The EU aims to become a global leader in safe artificial intelligence. In its response to the European Commission consultation on the European approach for AI launched alongside a White Paper on Artificial Intelligence, focusing on actions to build an ecosystem of excellence and trust and on addressing questions of safety and liability, the European Public Health Alliance has called for a number of challenges to be tackled before comprehensive digitalisation of health and care is undertaken.
A multi-stakeholder dialogue needs to be created between digital and other sectors, including civil society, to improve awareness, education, and skills. End users need to be involved in the design, implementation and evaluation of AI solutions. Next to building up specific digital skills, it is important to focus on digital literacy, key in the health sector. Transparency and knowledge are crucial for ordinary people. Extensive coordination and involvement of end users is needed to improve the understanding of the benefits of using e.g. personal health data for the public good. A “Health in all Policies” approach also needs to be introduced in the technology sphere. Cross-sector bridges must be built to improve the understanding, meaning and deployment of AI solutions.
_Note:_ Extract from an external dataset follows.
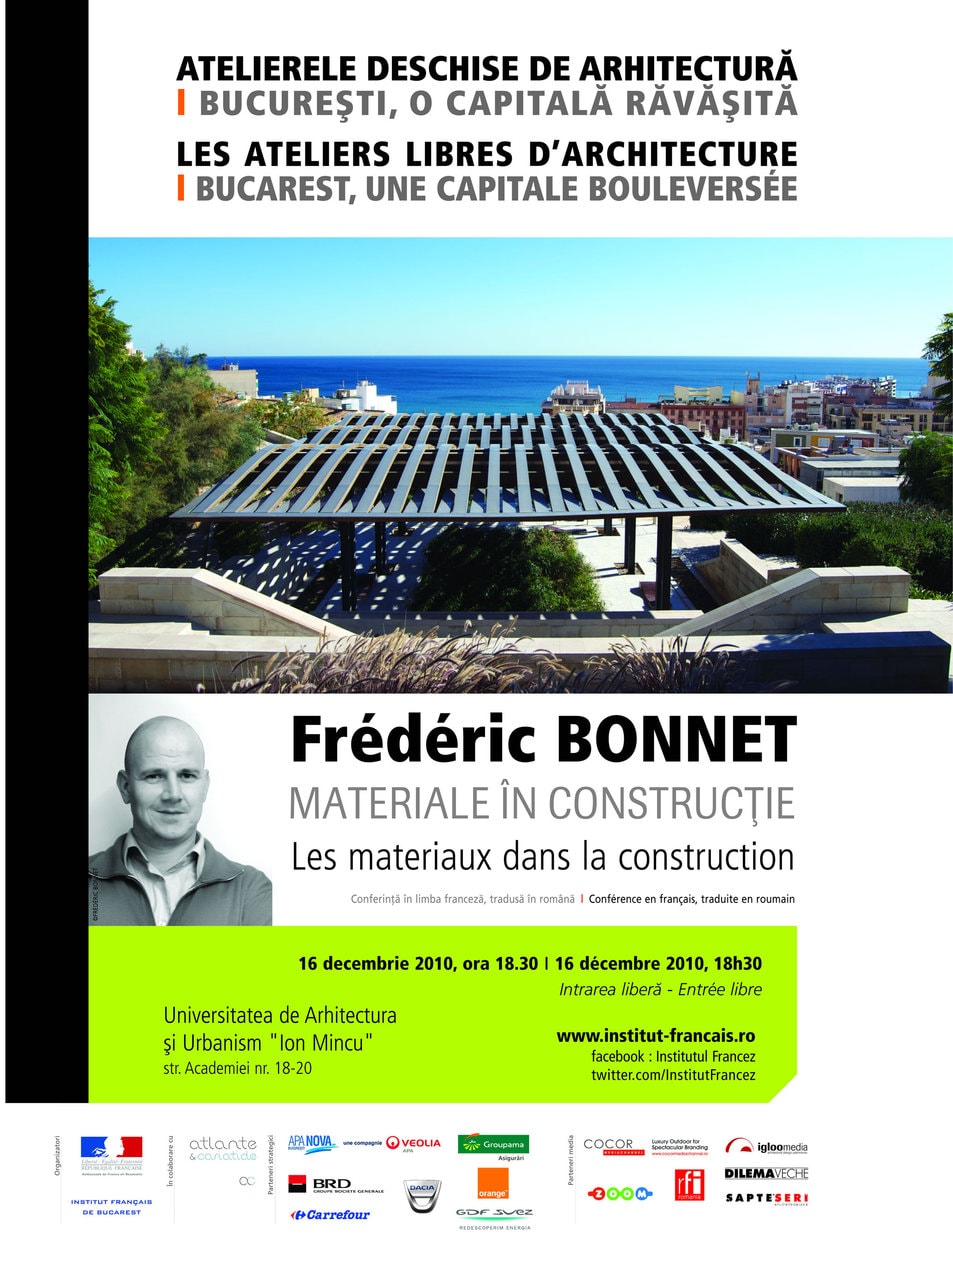 Frédéric Bonnet. Materiale în construcţie
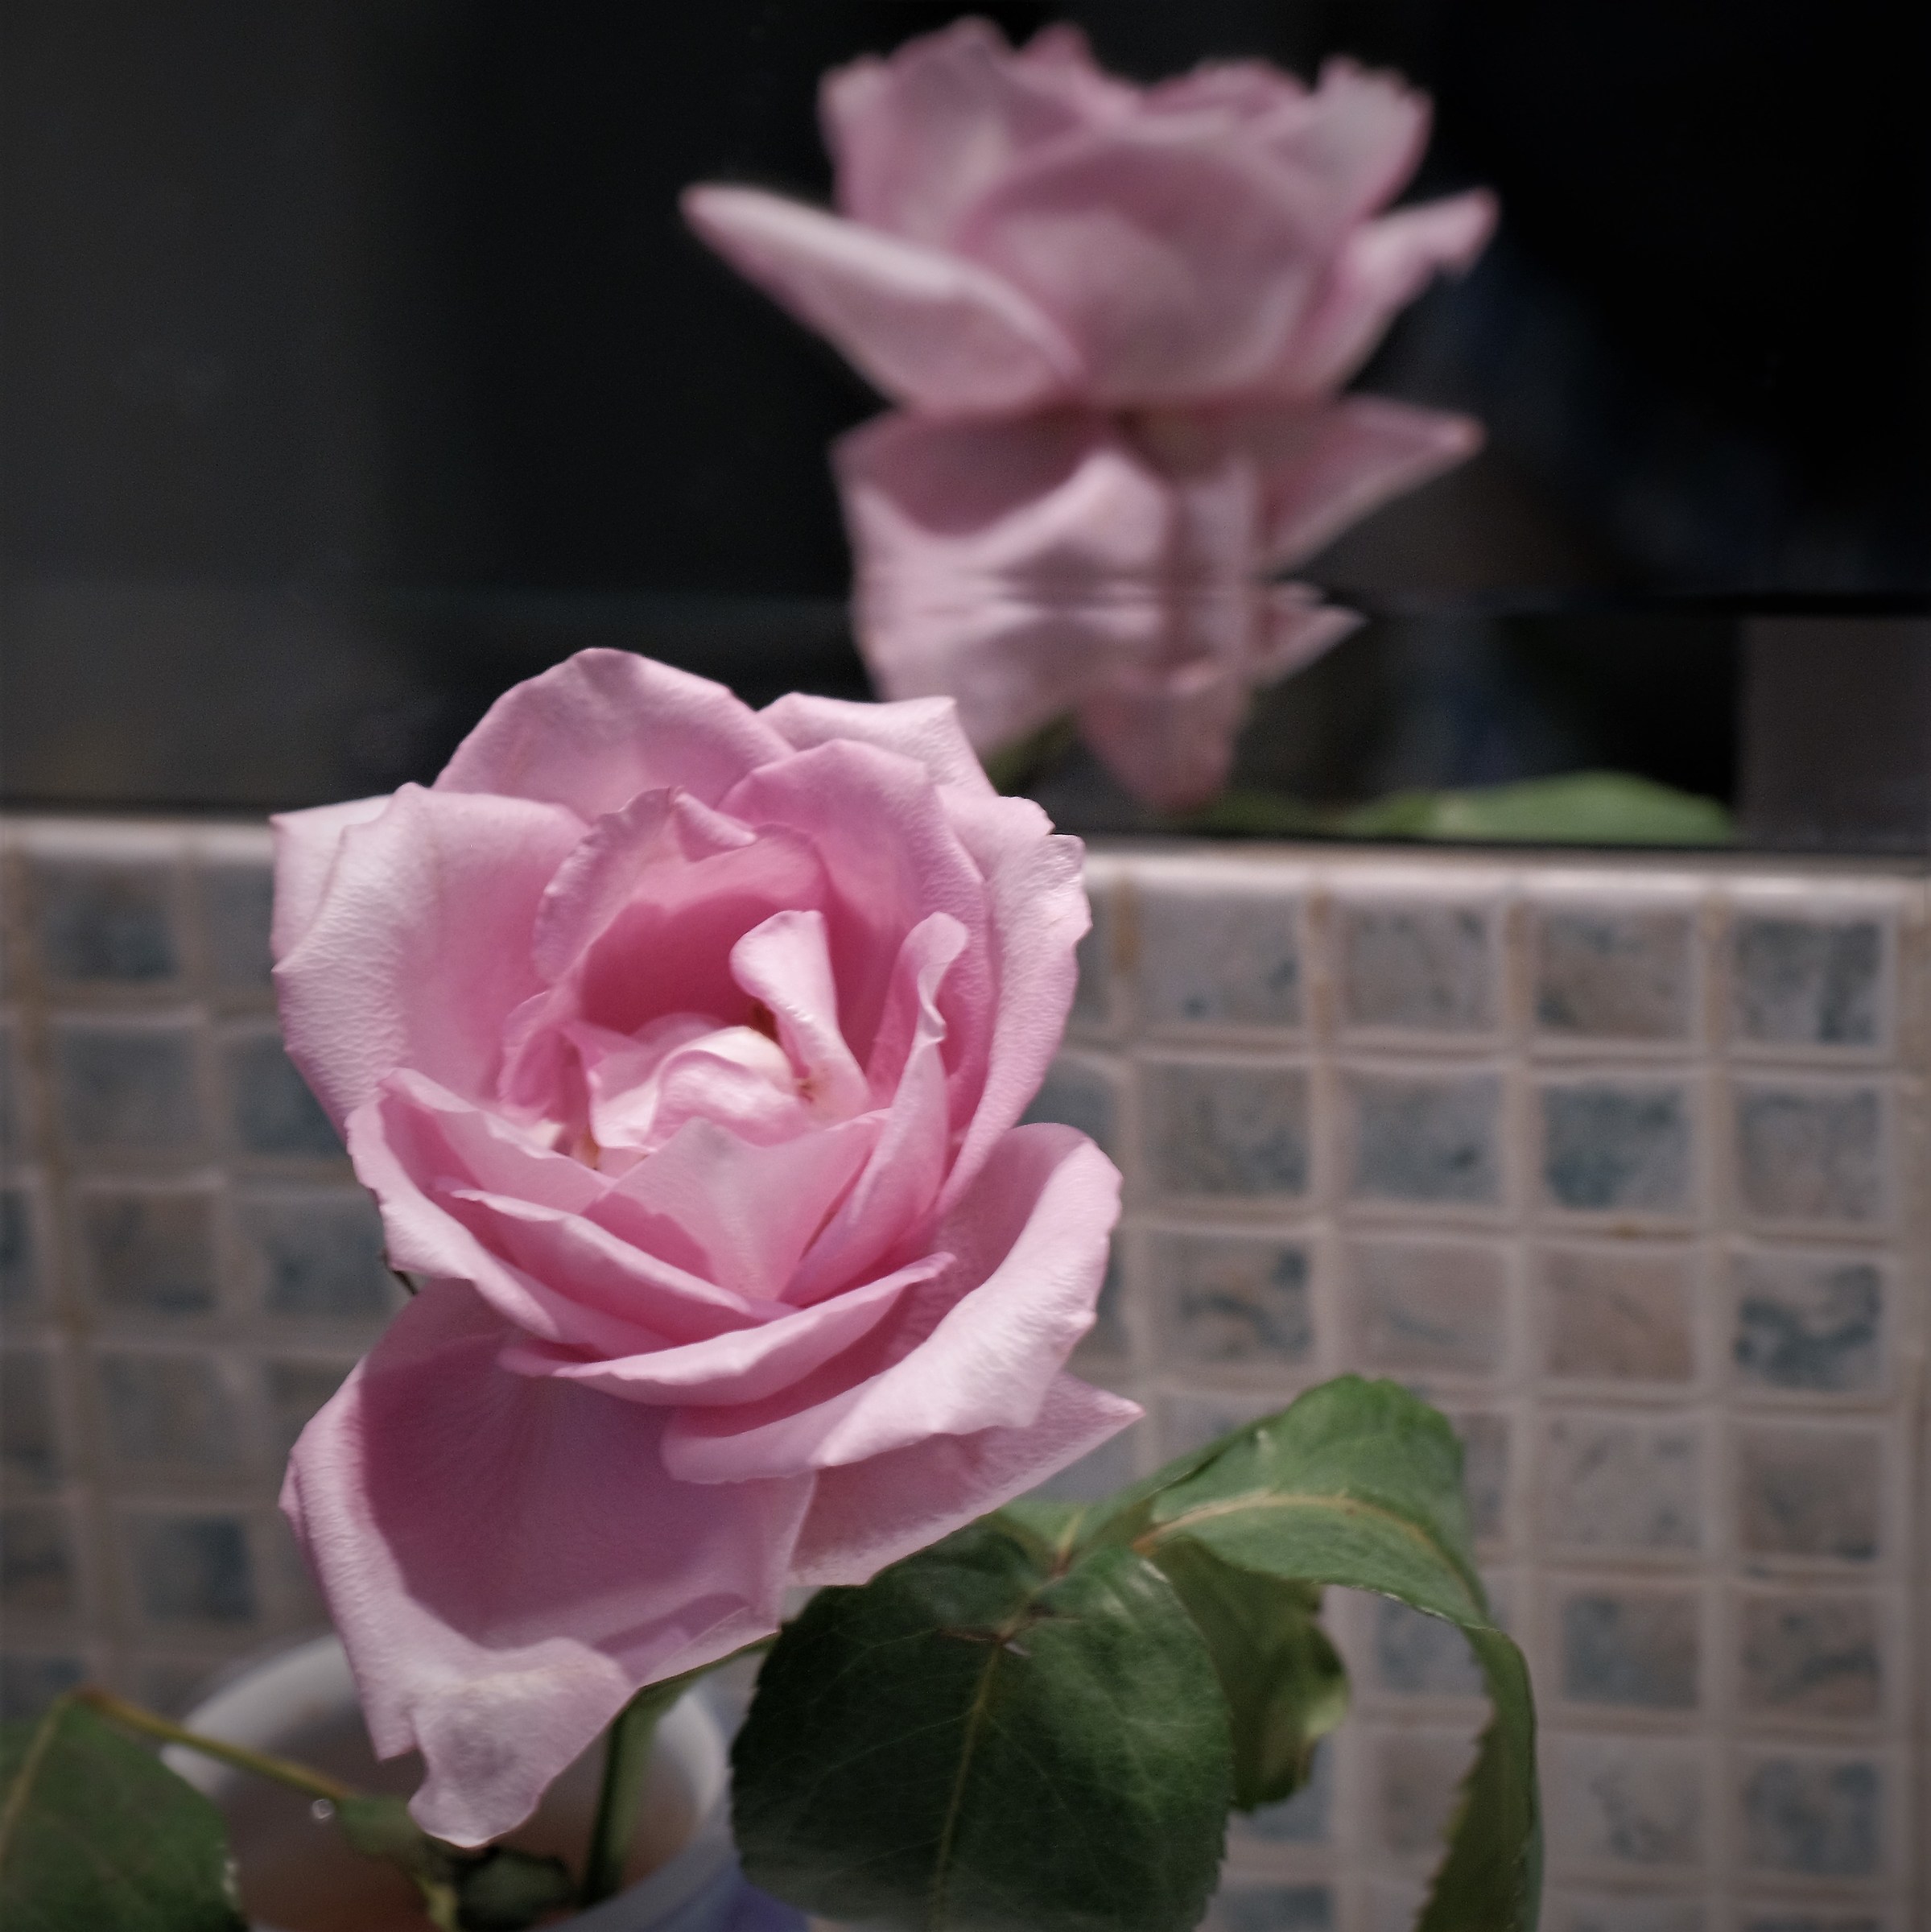 Nel mio bagno una rosa ed il suo riflesso...

Given that patients, healthcare professionals and public health experts are the ultimate beneficiaries of AI and data-driven healthcare solutions (including pandemic surveillance technologies), public-private partnerships must involve civil society groups. The further development of AI in healthcare must not be driven by technology firms, to ensure it will bring benefits for everybody and address real needs. Research should address how AI can tackle health inequalities and improve access.
As a public health membership organisation, EPHA is especially concerned about any AI applications in healthcare and public health that could be operating on the basis of biased algorithms (not taking into account gender, ethnicity, etc.) and that do not take into account the broader determinants of health and histories of individual patients. We are also concerned that increased machine-generated decisions could potentially exacerbate existing health inequalities, discrimination and exclusion.